= Risk return ratio =

Mathematical ratio used in investing

The risk–return ratio is a measure of return of investment in terms of risk for a specific time period. The percentage return (R) for the time period is measured in a straightforward way:

$$R=\frac{P_{end}-P_{start}}{P_{start}}$$

where $P_{start}$ and $P_{end}$ simply refer to the price by the start and end of the time period.

The risk is measured as the percentage maximum drawdown (MDD) for the specific period:

$$\textit{MDD}=\max_{t\in(start,end)}(DD_t)\text{ where }DD_t=\begin{cases} \displaystyle 1-(1-DD_{t-1})\frac{P_t}{P_{t-1}}&\text{if }P_t-P_{t-1}<0\\ 0&\text{otherwise}\end{cases}$$

where DD_{t}, DD_{t−1}, P_{t} and P_{t−1} refer to the drawdown (DD) and prices (P) at a specific point in time, t, or the time right before that, t−1.

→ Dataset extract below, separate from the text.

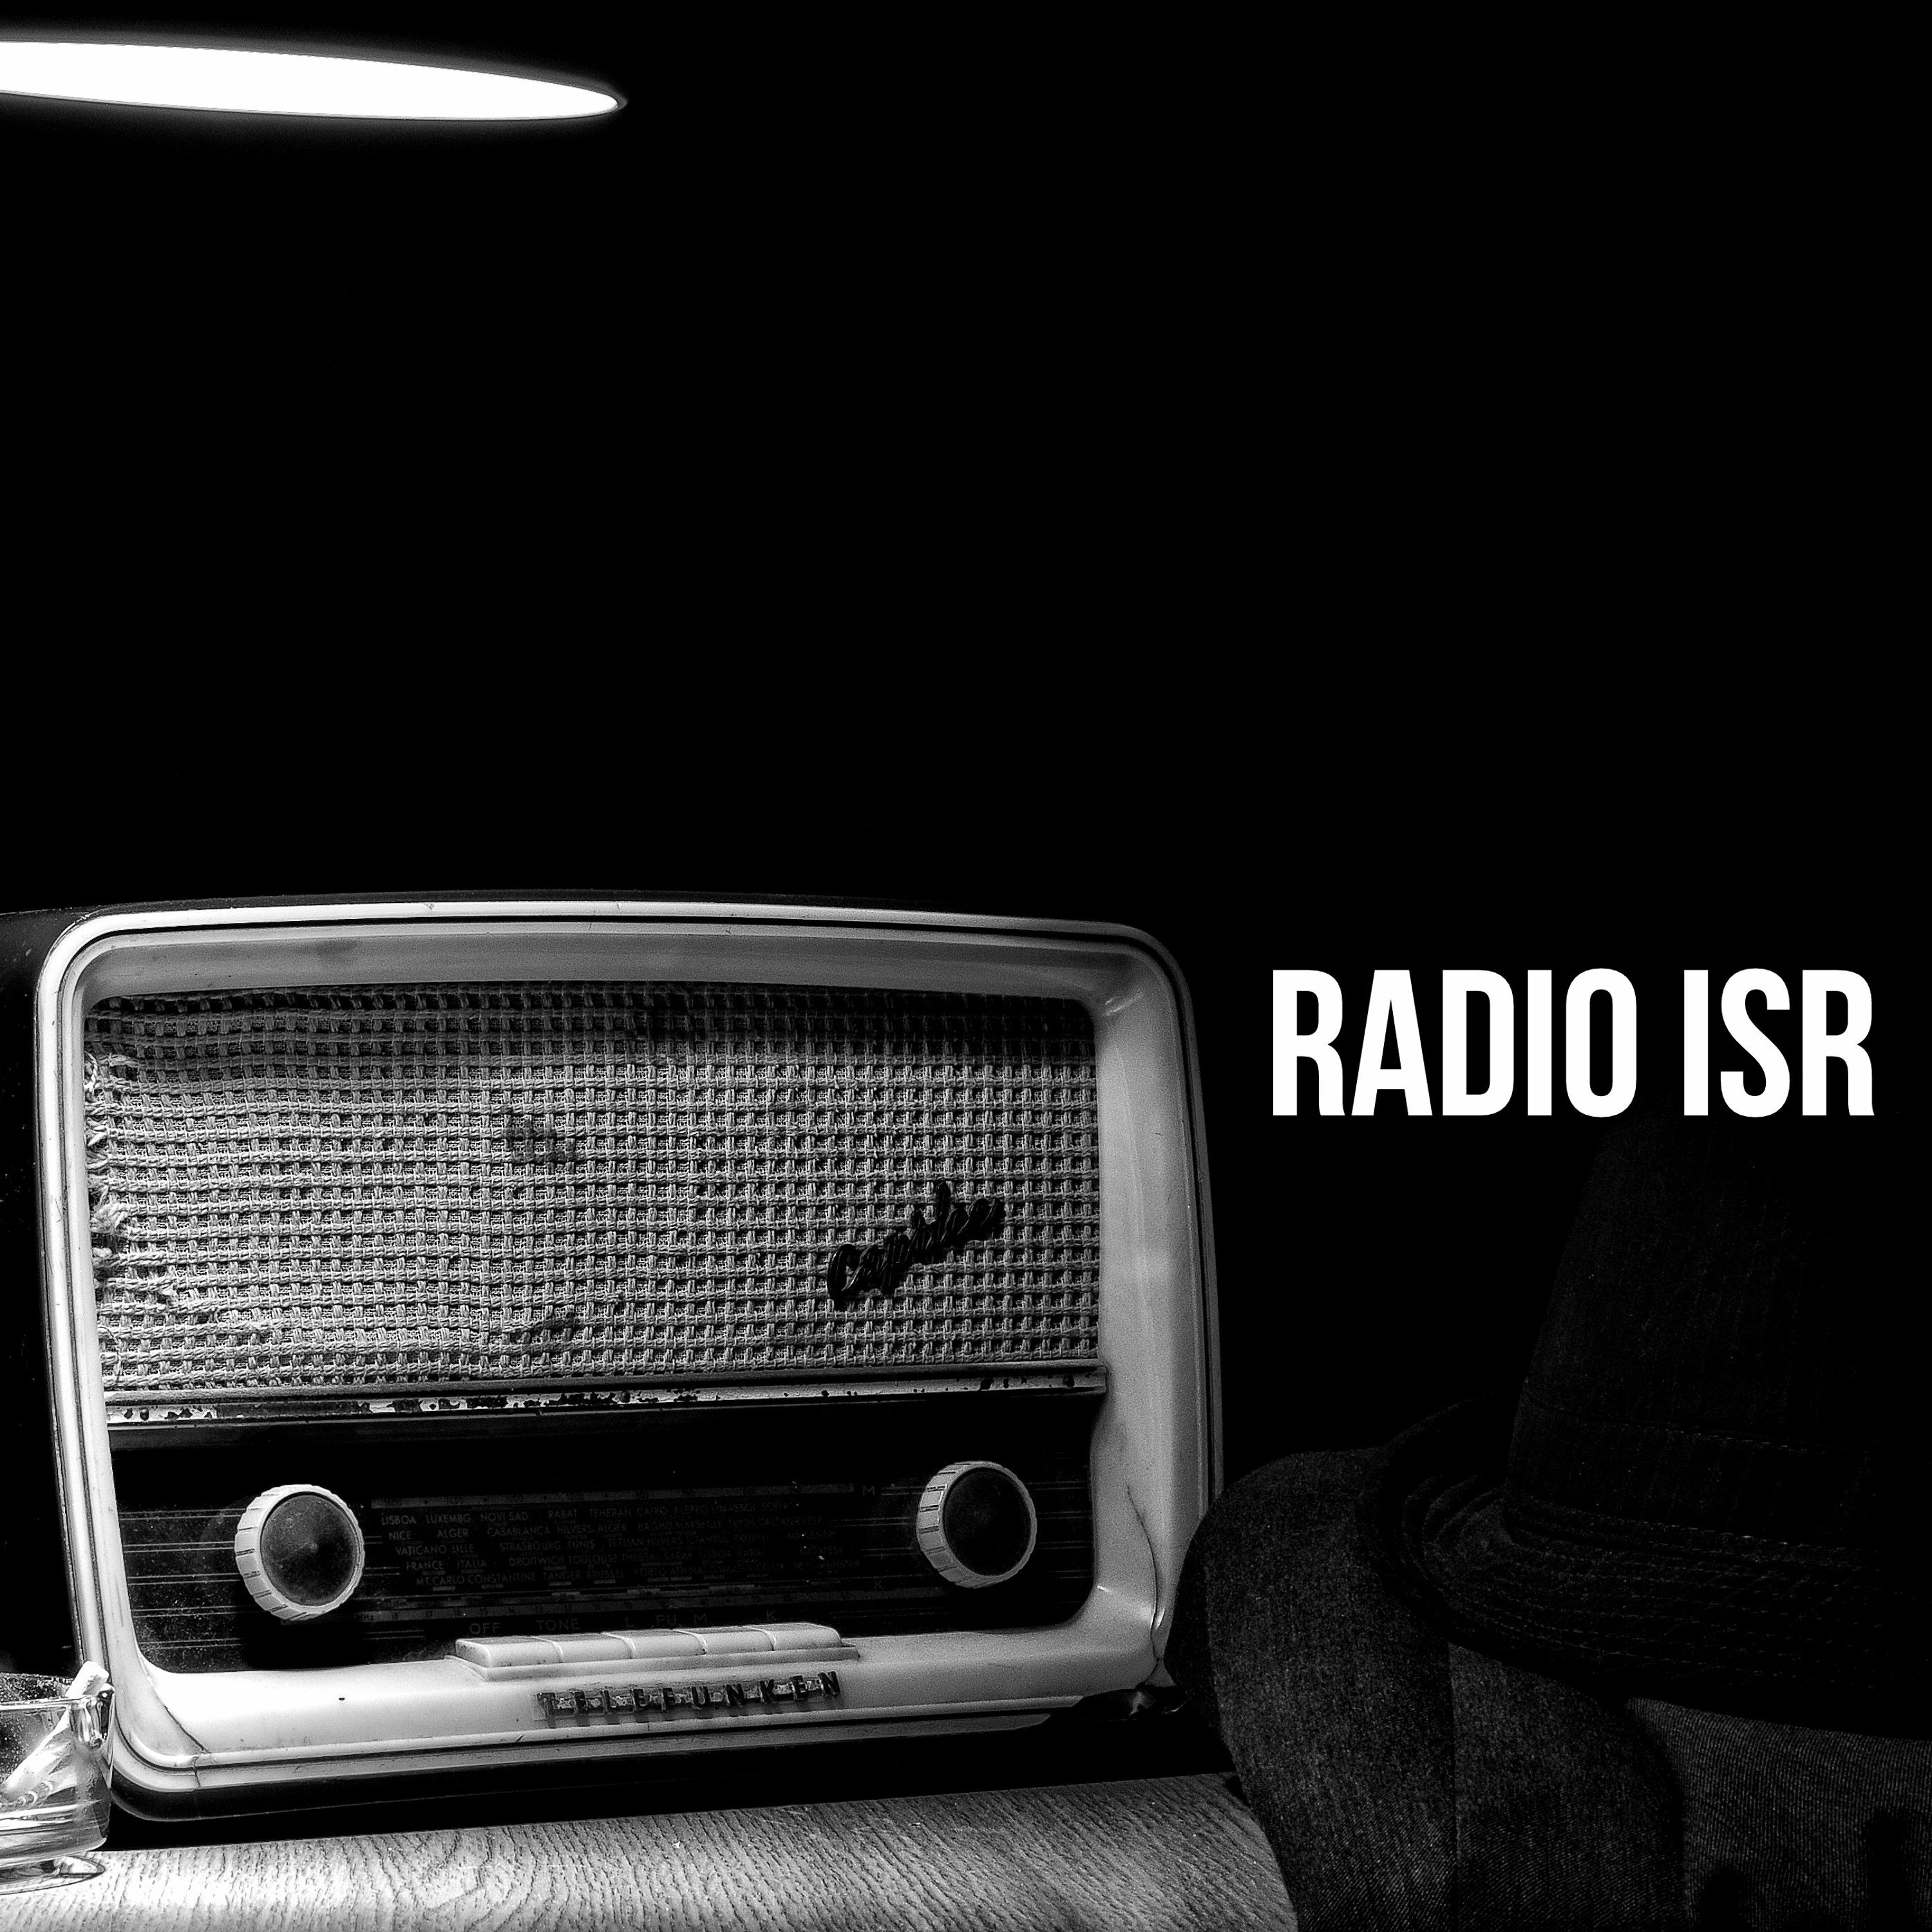 Dota radio edit. Старое радио. Радио арт. Черное радио. Старое радио на темном фоне.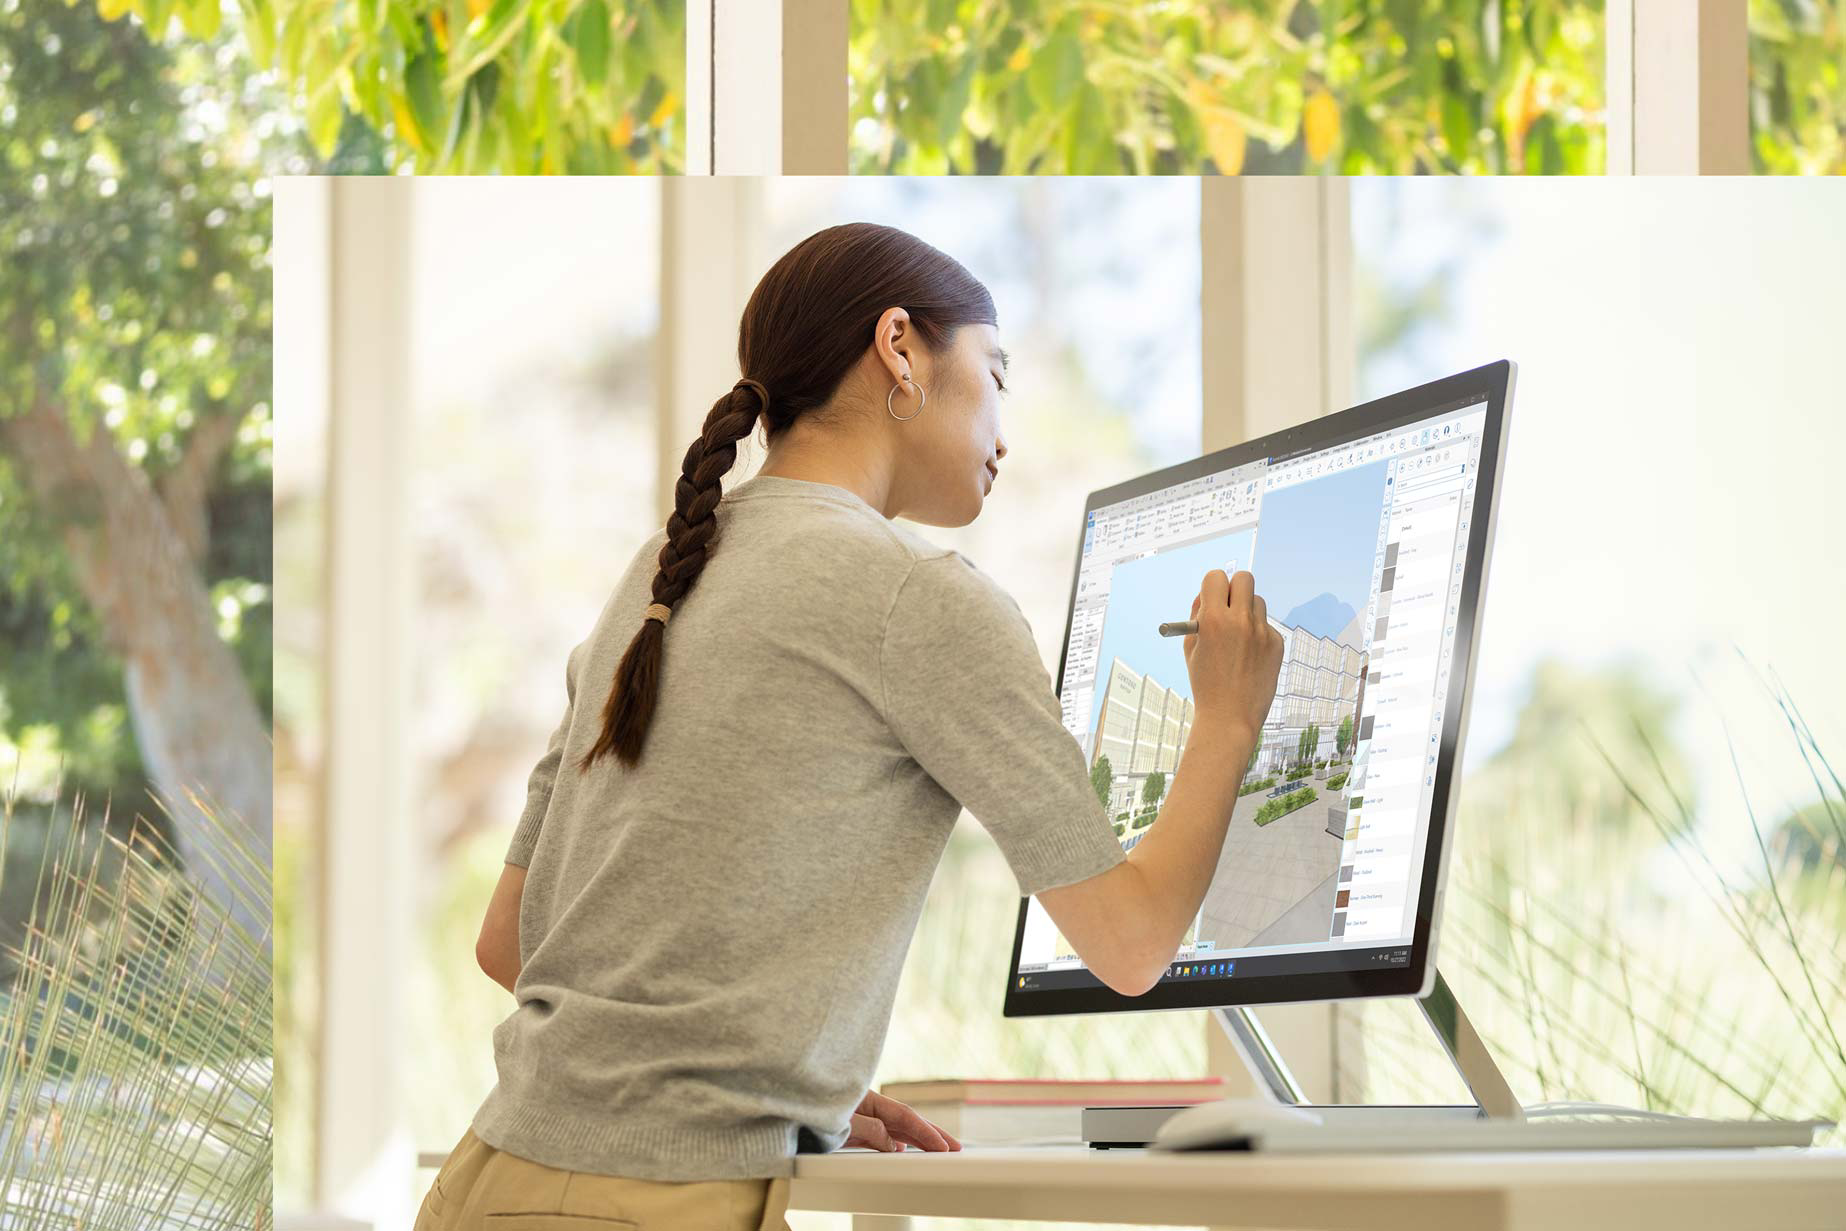 街並みの一部が見える窓の前で Surface Studio 2+ に向かって座る男性。

The risk–return ratio is then defined and measured, for a specific time period, as:

$$RRR=\frac{R}{\textit{MDD}}$$

Note that dividing a percentage numerator by a percentage denominator renders a single number. This RRR number is a measure of the return in terms of risk. It is fully comparable, i.e. it is possible to compare the RRR for one share with the RRR of another share, just as long as it is the same time period.

The RRR as defined here is formally the same as the so-called MER ratio, and shares some similarities with the Calmar ratio, the Sterling ratio and the Burke ratio. However, the RRR can arguably be regarded as more general than the MER ratio since it can be used for any time interval even daily or intra-day prices, while the MER ratio seems to be confined to measuring only the risk and return of a fund since inception until the current date. It is also less ad hoc than the Calmar, the Sterling and the Burke ratios.

The RRR was first defined and popularized by Dr. Richard CB Johnsson in his investment newsletter.

==Relation to risk-adjusted performance measures==

The risk–return ratio is related to broader measures of risk-adjusted return, which compare investment performance with the amount or type of risk taken to achieve it. Commonly used measures include the Sharpe ratio, which relates excess return to return volatility, and the information ratio, which compares active return with tracking error.

Drawdown-based measures use losses from prior peaks as the measure of risk rather than volatility. The Calmar ratio, for example, divides compounded annualized growth by maximum drawdown over the same period, but it is not generally scaled across different time periods in the same way as volatility-based measures.